ESSAY ON BEING A DOCTOR
The Writing of My Constitution
Wayne Lindstrom. The Writing of My Constitution. Methodist DeBakey Cardiovascular Journal: January 2013, Vol. 9, No. 1, pp. 62-62.
Through the generosity of Charles R. Millikan, D. Min., vice president for spiritual care and values integration, an annual award competition was established at The Methodist Hospital among the resident staff. For the second competition, residents submitted a poem or essay of 1,000 words or less for the topic, “On Being a Doctor.” A committee of five was selected from The Methodist Hospital Education Institute to judge the entries. Criteria for judging were established by this committee. This is the 3rd-place winning essay and last in the series.
At the age of 15, I had decided I was a future lawyer. This revelation came to me shortly after competing in the UIL State Cross-Examination Debate Finals as a high school freshman. As the only all-freshman team in attendance, my partner and I were told that we had become the first all-freshman team in 20 years to advance this far. Even after being eliminated, I was riding high on a cloud of jubilation and subsequently decided my future right there in the middle of the University of Texas campus. This whimsical verdict was reinforced with an additional trip to the state tournament, and it continued to be in vogue when I graduated high school and made a trip with my brother to see my grandparents in Nevada.
My grandfather had recently been diagnosed with a brain tumor, and while I was not aware of the prognosis at the time, I could extract the grimness of it from the pain in my mother’s eyes as she made reservations for us to spend two weeks with a dying man I had met only once before. I expected those few weeks to be filled with awkwardness and tears, but I went along anyway knowing that this was probably my last chance to get to know such a successful man.
Both of my grandparents were retired physicians and one of those rare couples who took their commitment in life to the workplace. They had spent many years working together at Los Angeles County General Hospital and later in Sitka, Alaska. Given their specialties, their workdays did not just collide on a casual, happenstance basis. Their greetings were typically under some of the most tenuous circumstances known to the medical field. You see, he was a trauma surgeon, and she, more often than not, was the anesthesiologist trying desperately to stabilize his patient on the operating room table. Marriage is not typically easy, but they both agreed that they had somehow managed to add a whole new level of intricacy to their marital vows. Nevertheless, they endured, and when I visited them on a sunny morning in June of 2003, they had maintained their commitment to one another for just over 50 years. Both agreed that this next phase of their lives was undoubtedly the most trying period in their relationship.

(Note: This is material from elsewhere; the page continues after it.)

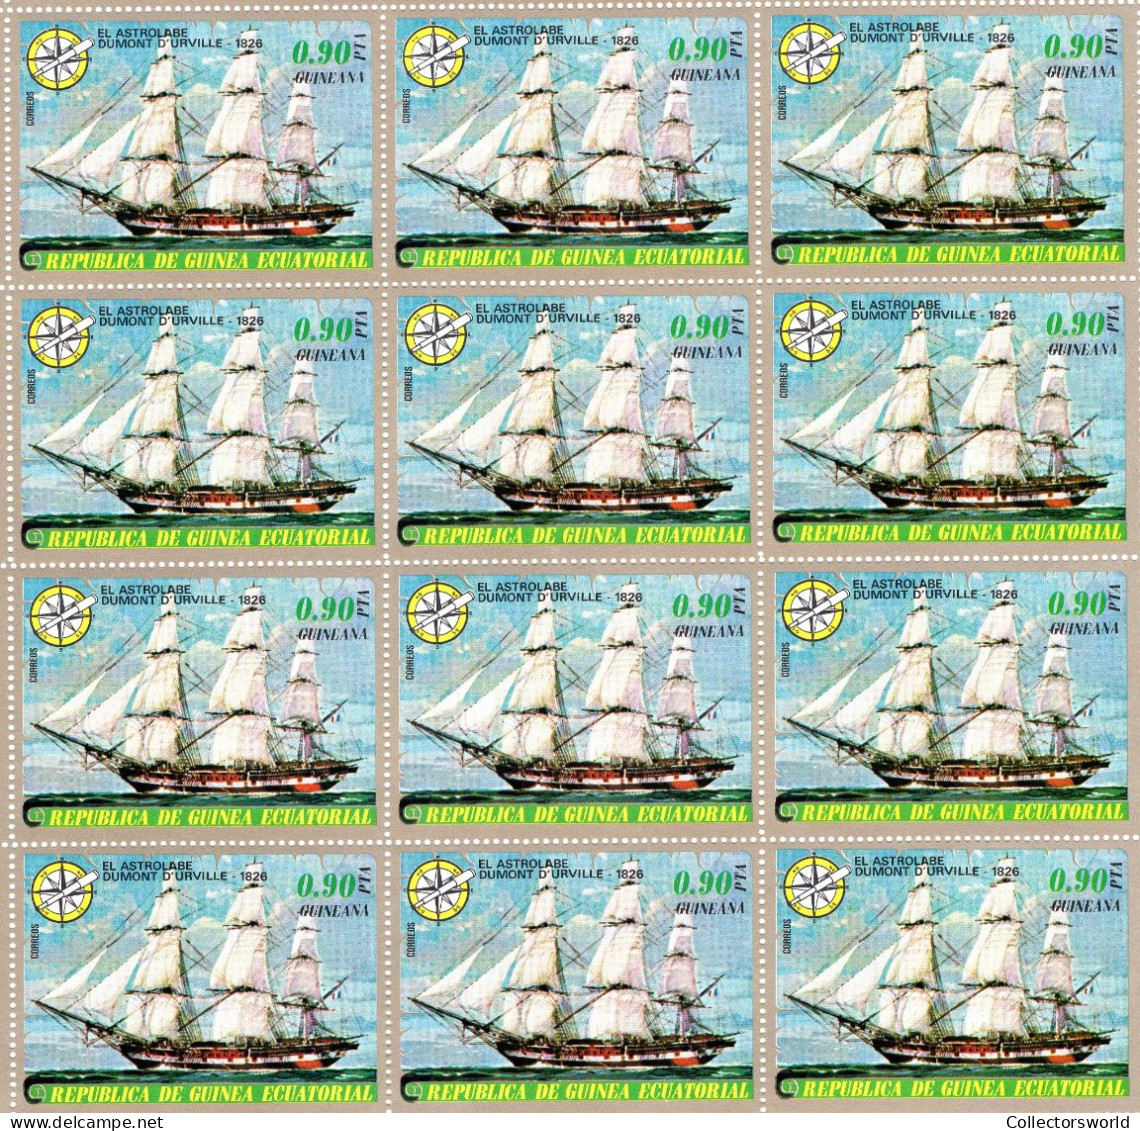 Equatorial Guinea serie 7v 1976 in complete MNH sheets - 12 series Conquerors of the Sea Tallships Sail ships MNH

Throughout the next two weeks, I heard more amazing stories than in my previous 18 years of life. The most significant points of our conversations, however, came when the topic turned to life itself. One night I asked my grandfather, “What was best about being a doctor?” To this day I can recall almost his entire answer, but what struck me most was his final comment: “The purpose of life is a life of purpose.” At first I did not fully comprehend the meaning behind this statement. But later on that night, as I lay in bed, it dawned on me. It was then that I made a second promise to myself…to live a life of purpose.
My grandfather passed away a little more than a month after we left Nevada, but I had already made the decision that my life of purpose included becoming a physician. Today, as I sit at my desk reliving those two weeks I spent with my grandparents, I can honestly say that the most important lessons to be learned were not those that pertained strictly to the medical profession or to relationships in general, but to be applied every day that we live.
These are the lessons I learned:
Commitment. When a patient comes under your care, you are committing yourself to their pain, their joy, and their future. In life, when you have children, you are making a promise that you will give them every opportunity to succeed and, more importantly, provide support for every failure they endure. In marriage, you commit to your spouse to share every tear…and every embrace.
Failure is a part of life. To this day I will never forget one of my grandfather’s sage observations: “It is okay to try and fail, but never walk away feeling like you have let someone down.” In medicine, complications and, unfortunately, death are a reality that every doctor will undoubtedly face. What is important is knowing and being comfortable with the fact that you gave your best effort in that patient’s care, even when facing insurmountable odds.
You are only as good as your word. “Life is full of broken promises; don’t let yours be the ones that fall apart.” I have personally found this one difficult to embrace. When morning rounds are cut short but a patient still has questions for you, make sure that you remember that promise to return later in the day. Taking those extra five minutes will do even more than foster the patient-doctor relationship; by starting a practice of adhering to your word now, it will be much easier to adhere to in the future.
Nobody is perfect. Every second there are a thousand opportunities to do something wrong but only one to do something right. One might not always make the right choice, but I have found that when a person develops their own “personal Constitution,” it makes that decision much easier. I am just happy I had my Grandpa to help me write mine.